The Sun, The Wood and The Water

masonry stove heats srawbale house in New Mexico

The strawbale house’s masonry stove supplemented heat on cold winter days.

The book Sun, Wind, and Light: Architectural Design Strategies by G Z Brown, was a great resource, providing formulas for maximizing solar gain. Based on the latitude of the house, we determined the height of the windows and extension of the eaves for most solar gain in the winter and insured the thermal brick floors would be shaded from the hot desert summer sun. In the summer months, the plan was that the thermal bricks would actually pull coolness from the earth and disperse it into the interior. We were relying on the math until we could experience it year round and…it worked beautifully! Solar panels and batteries were installed for electricity needs. That glorious sun!

We hired a mason from Maine to build the stove. One fire in the morning on cold winter days supplemented the passive solar and provided baking options when desired. A small gas oven was the back-up cooking source and a simple wood burning stove on the second level took the edge off the cold in the spring and fall months when the masonry stove would have been a bit too much.

We dug an underground cistern and tied into the gutters, providing grey water for showering, bathing and toilets. We sealed the interior walls of the cistern with concrete and the slab top provided an outdoor patio area.

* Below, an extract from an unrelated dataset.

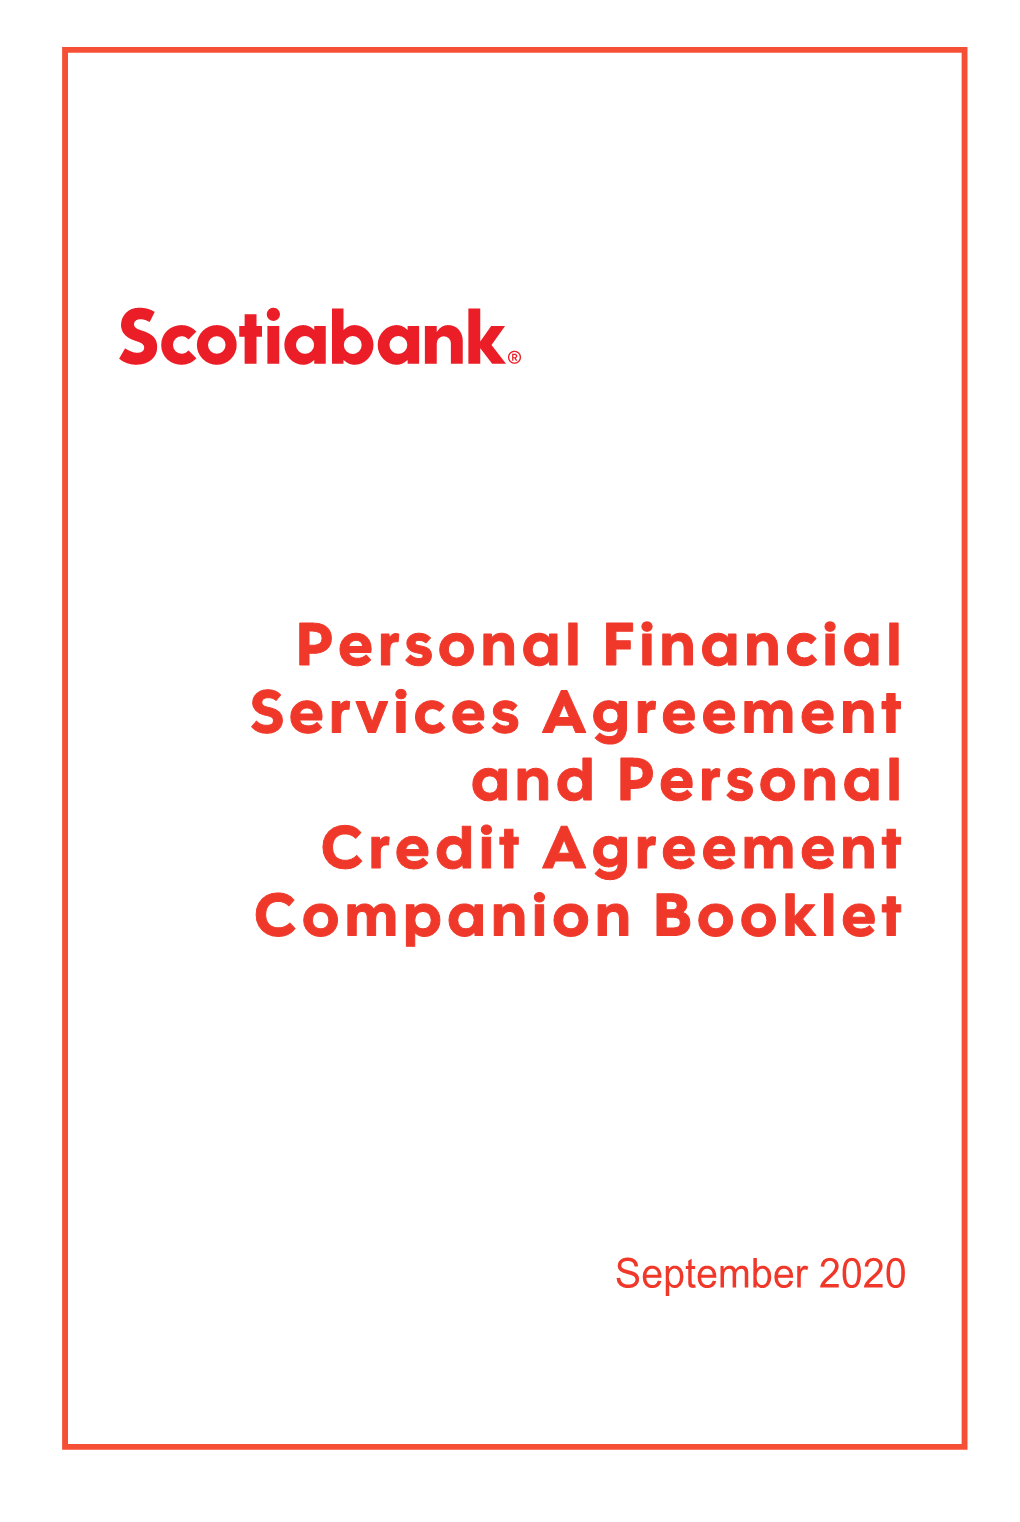 Personal Financial Services Agreement and Personal Credit Agreement Companion Booklet

The shower and a Japanese bath were situated in the southwest corner with large windows to provide maximum warmth. The formed concrete tub was used for soaking after one showered and the water reused for several weeks before being drained into the garden for watering. Solar electricity provided energy for the water pressure and heat pump.

Molly Spain's brother works on underground cistern for grey water in strawbale house they built their mom in New Mexico

Creating the underground cistern for grey water

On the northeast corner of the house was the larder (or pantry). This was the coolest place in the house and was perfect for storing most any food. A small window was used for regulating temperature. We used an ice chest for items that needed lower temperatures in the summer months. A weekly trip to a fresh water spring in the Rio Grande Gorge provided all the drinking and cooking water we needed. The planet does provide.


The Healing and The Community

Molly Spain and her mother JoAn van Balen carry the first straw bale as they create their sustainable, off-the-grid strawbale house in New Mexico

My mom and I carrying the first bale.

My mother gave her new home the name Shekinah because it appropriately means the earthly presence of the feminine divine. As the building of Shekinah progressed and the finishing touches were completed, my mother healed. She not only built a home, she built community. She taught our family (and many others) that no vision is too big and that building with respect to the earth is possible. She healed and lived comfortably, not only physically, but financially. No chemo, no radiation. She chose to build instead. She built the house in stages, as her income allowed, and she had no monthly bills. She has since sold her strawbale home and moved back to the Midwest to be near family. Today my mother is healthy at 85 years old.

My first building experience of creating a strawbale house for my mother inspired my passion for building and designing smart, sustainable, high-performing homes.